Only later in the last century did several prominent scholars and statesmen start to realize that there was no more magic in the number 51 than in the number 49. For instance the French garantistes as well as some famous English thinkers had no hesitancy in declaring their dislike for the unconditional application of majority rule in political decisions, and for the underlying assumption that Herbert Spencer was to brand in 1884 as the superstition of “the divine right of majorities.”4
But let us repeat Dr. Downs’s summary of the main arguments in favor of majority rule. “If disagreement occurs but action cannot be postponed until unanimity is reached, it is better for more voters to tell fewer what to do than vice versa. The only practical arrangement to accomplish this is simply majority rule.”
We may admit that the circumstances hypothesized by Downs, urgency of a decision and lack of unanimity, may occur more or less frequently in all political societies. The fact, however, is that both urgency of decision and lack of unanimity may be, so to speak, artificially created by people who are in a position to compel all the other members of a political community to make any group decision whatsoever instead of making none. I propose to go back to this question. I only wish to point out here that even if we assume that both urgency and lack of unanimity are the existing conditions of the decision concerned, to state flatly, as Dr. Downs does, that therefore “it is better for more voters to tell fewer what to do than vice versa” is a simple nonsequitur. Indeed, we can easily imagine situations in which only a few people have the necessary amount of knowledge required to make the corresponding decision, and that therefore it would be much less reasonable in these cases for more voters to tell fewer what to do than vice versa.

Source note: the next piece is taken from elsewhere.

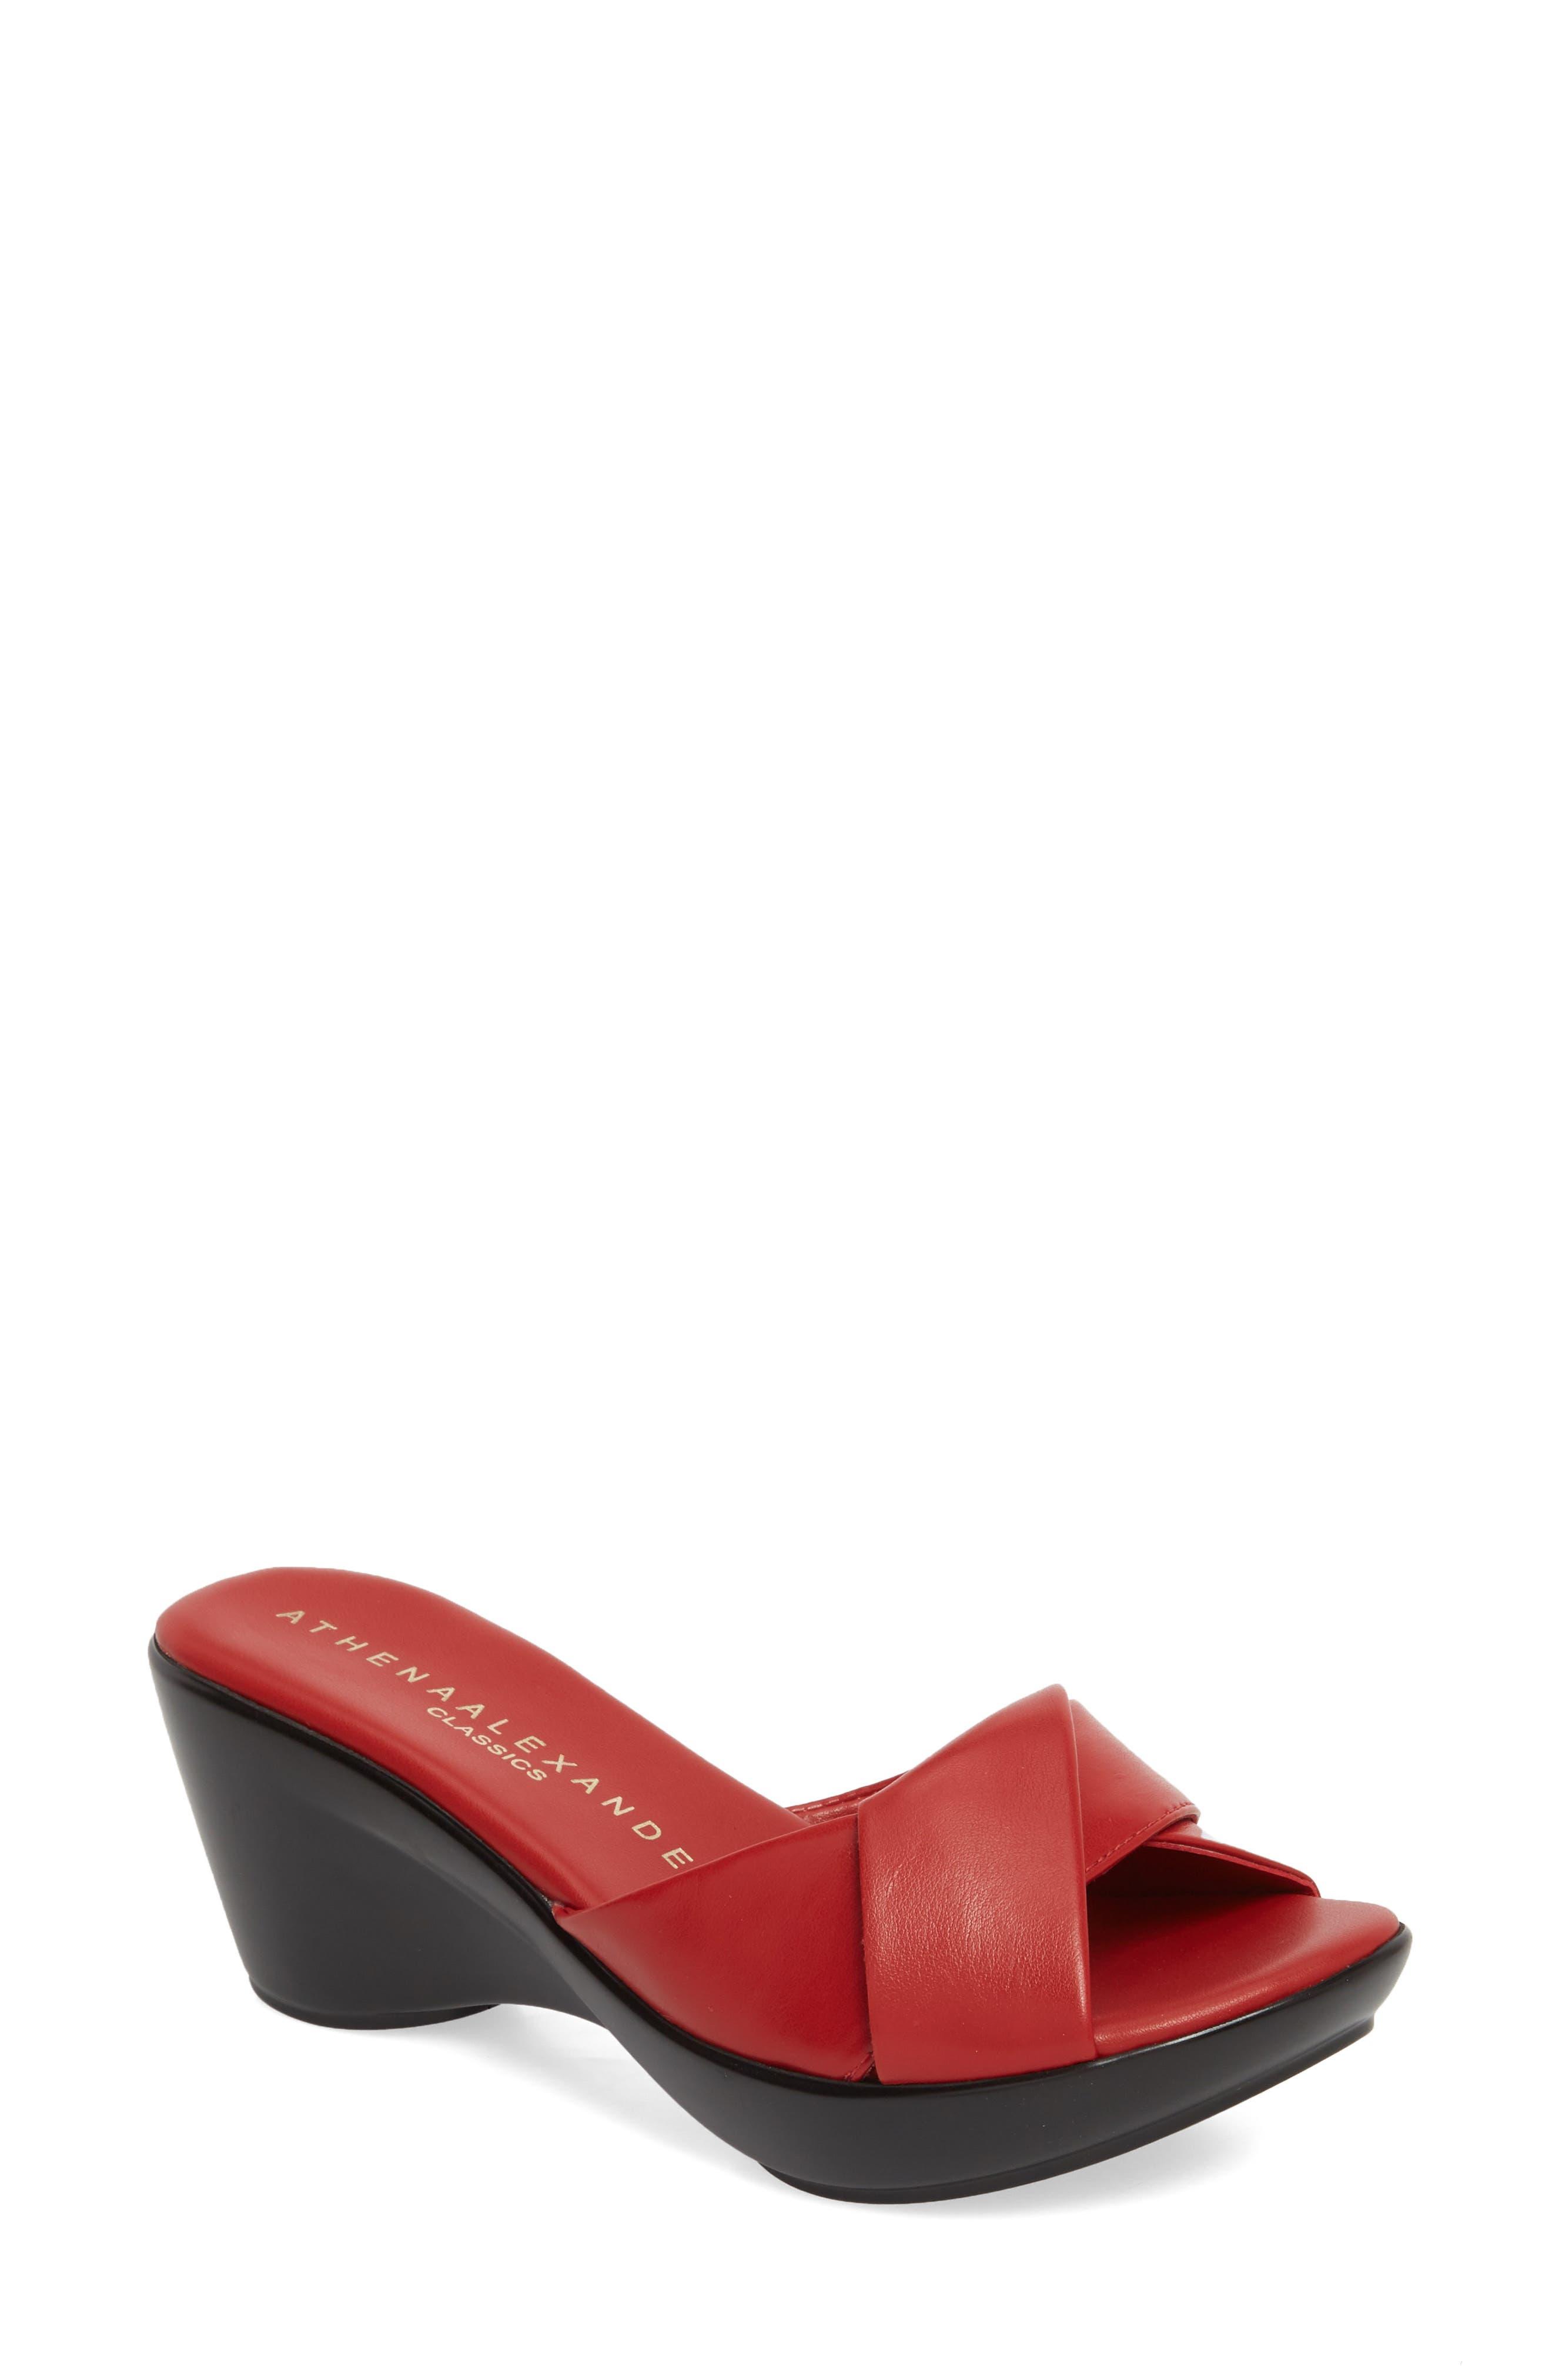 Athena Alexander Orlando Slide Sandal- Red

Of course the enthusiastic supporters of unconditional majority rule may counter that they derive their conclusion not so much from the hypotheses of urgency and lack of unanimity as from the implicit hypotheses of equal knowledge, or even of equal ignorance, on the part of the voters of the issues at stake. This last hypothesis, however, is rather unrealistic, particularly in contemporary highly differentiated societies. The same author admits in another connection, “specialization creates minority groups with objective interests [and, I would add, with corresponding kinds of knowledge] which differ widely from each other.” Thus, the real basis of the conclusion is still the famous concept of “equal weight” of voters or, to say it more properly, the amphibious use of this slippery concept.
There is one more point of the summation presented by Downs to be examined. “Any rule,” he says, “requiring more than a simple majority for passage of an act allows a minority to prevent action by the majority, thus giving the vote of each member of the minority more weight than the vote of each member of the majority.”
Let us concentrate first on the last part of this statement. It seems to be indubitable that if the rule adopted is a qualified majority rule, the number comprising the winning majority out of 100 voters would be, say, 60 or 70, instead of 51, and the corresponding number comprising the losing minority would be 40 or 30 instead of 49. But this does not mean that the vote of each member of the minority is now given “more weight” than the vote of each member of the majority. The fact is that once again out of a total or set of 100 voters, the winning voters ranking in the subset of 60 or 70 are still each given, according to the new rule, more weight than is given to each of the voters ranking in the subset whose sum is 40 or 30. The 60 or 70 voters are considered in this new example as “politically” equal to 100, while the other 40 or 30 are considered as “politically” equal to 0.
The only difference we can notice in this example is that each voter, when the “magic” number is 60 or 70, has—in abstracto—a lesser probability of ranking in the losing subset than he had in the previous example where the magic number was 51. But it would be wrong to derive from this statement the conclusion that “therefore” each voter ranking in the losing subset in the latter example is given more weight than each voter ranking in the winning one.
We must now examine the first part of Mr. Downs’s statement whose last part we have just considered.
As we saw, Downs refers to any rule requiring more than a simple majority for making a political decision as one allowing a minority to prevent action by a majority, and he seems to imply that this possible prevention should always be rejected according to his principle of the equal weight of the voters.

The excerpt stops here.